Metadata-Version: 2.1
Name: wosfile
Version: 0.5
Summary: Handle Web of Science export files
Home-page: http://github.com/rafguns/wosfile
Author: Raf Guns
Author-email: raf.guns@uantwerpen.be
License: New BSD License
Description: # wosfile
        
        [![Build Status](https://travis-ci.org/rafguns/wosfile.svg?branch=master)](https://travis-ci.org/rafguns/wosfile)
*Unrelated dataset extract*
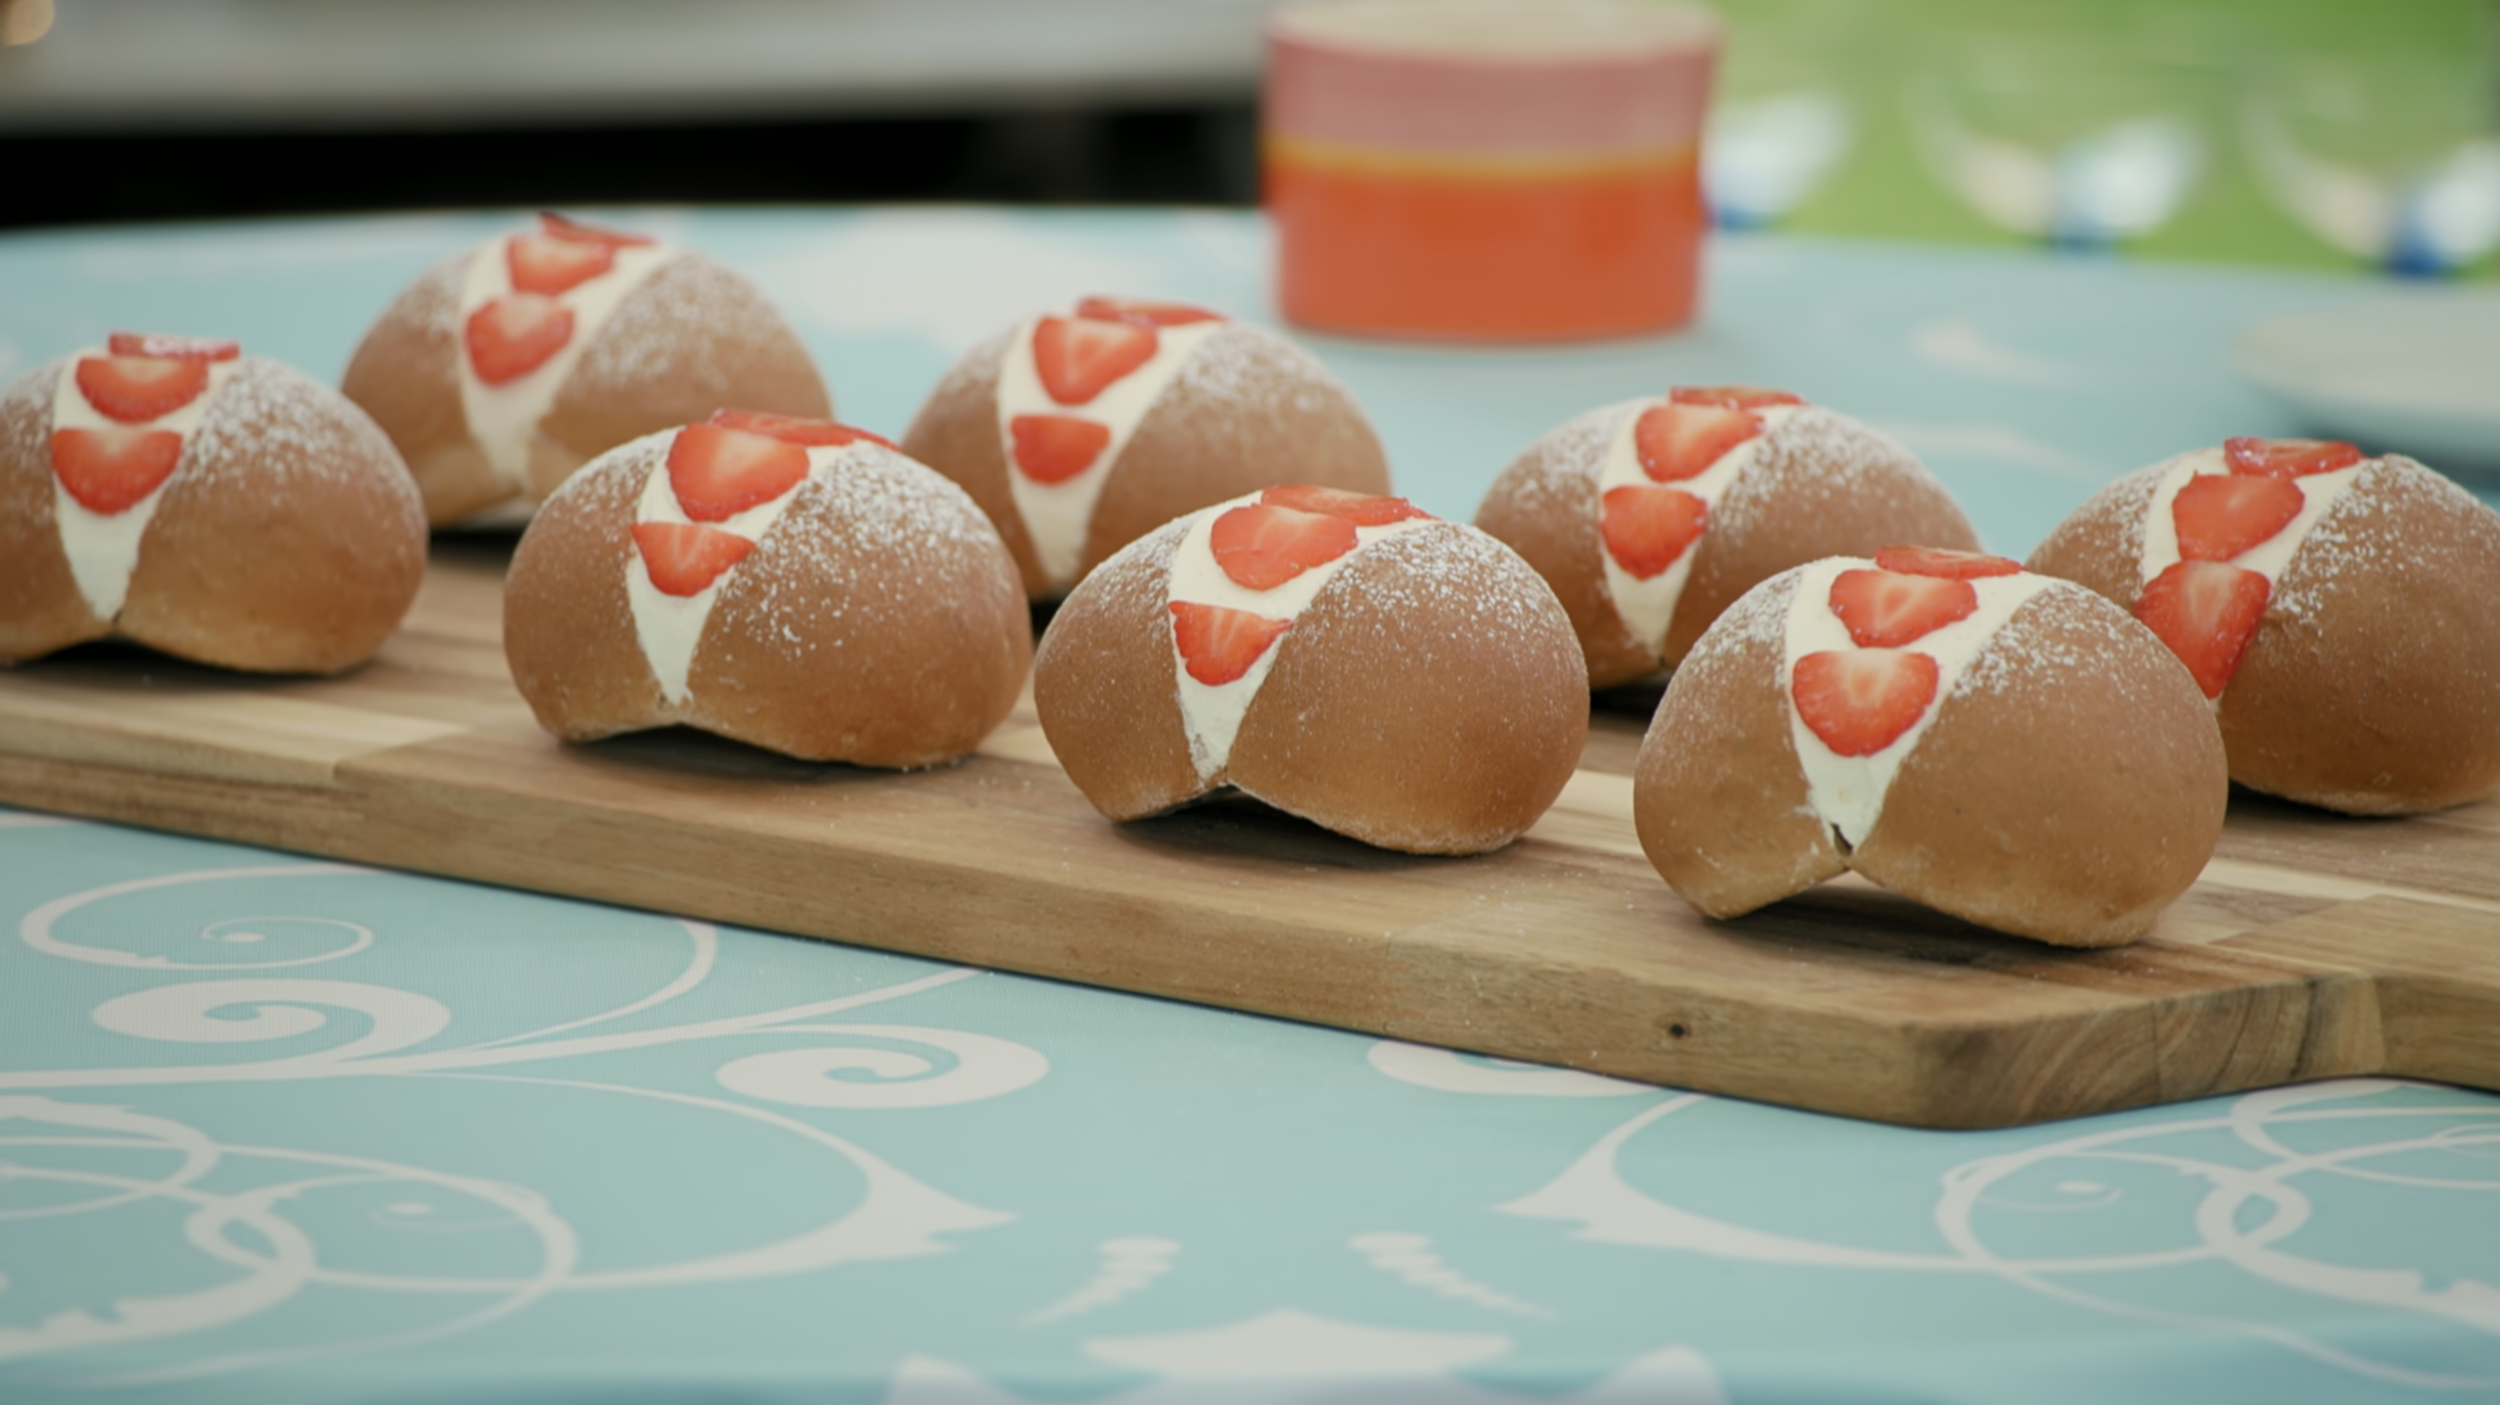 Paul Hollywood's Devonshire Splits, as shown on the Bread Week episode. They're very circular, very beautifully even in color, and very neatly decorated with cream and strawberries.

        [![Coverage Status](https://coveralls.io/repos/rafguns/wosfile/badge.svg?branch=master&service=github)](https://coveralls.io/github/rafguns/wosfile?branch=master)
        
        **wosfile** is a Python package designed to read and handle data exported from Clarivate Analytics [Web of Science™](https://www.webofknowledge.com). It supports both tab-delimited files and so-called ‘plain text’ files.
        
        The point of wosfile is to read export files from WoS and give you a simple data structure—essentially a dict—that can be further analyzed with tools available in standard Python or with third-party packages. If you're looking for a ‘one-size-fits-all’ solution, this is probably not it.
        
        Pros:
        * It has no requirements beyond Python 3.6+ and the standard library.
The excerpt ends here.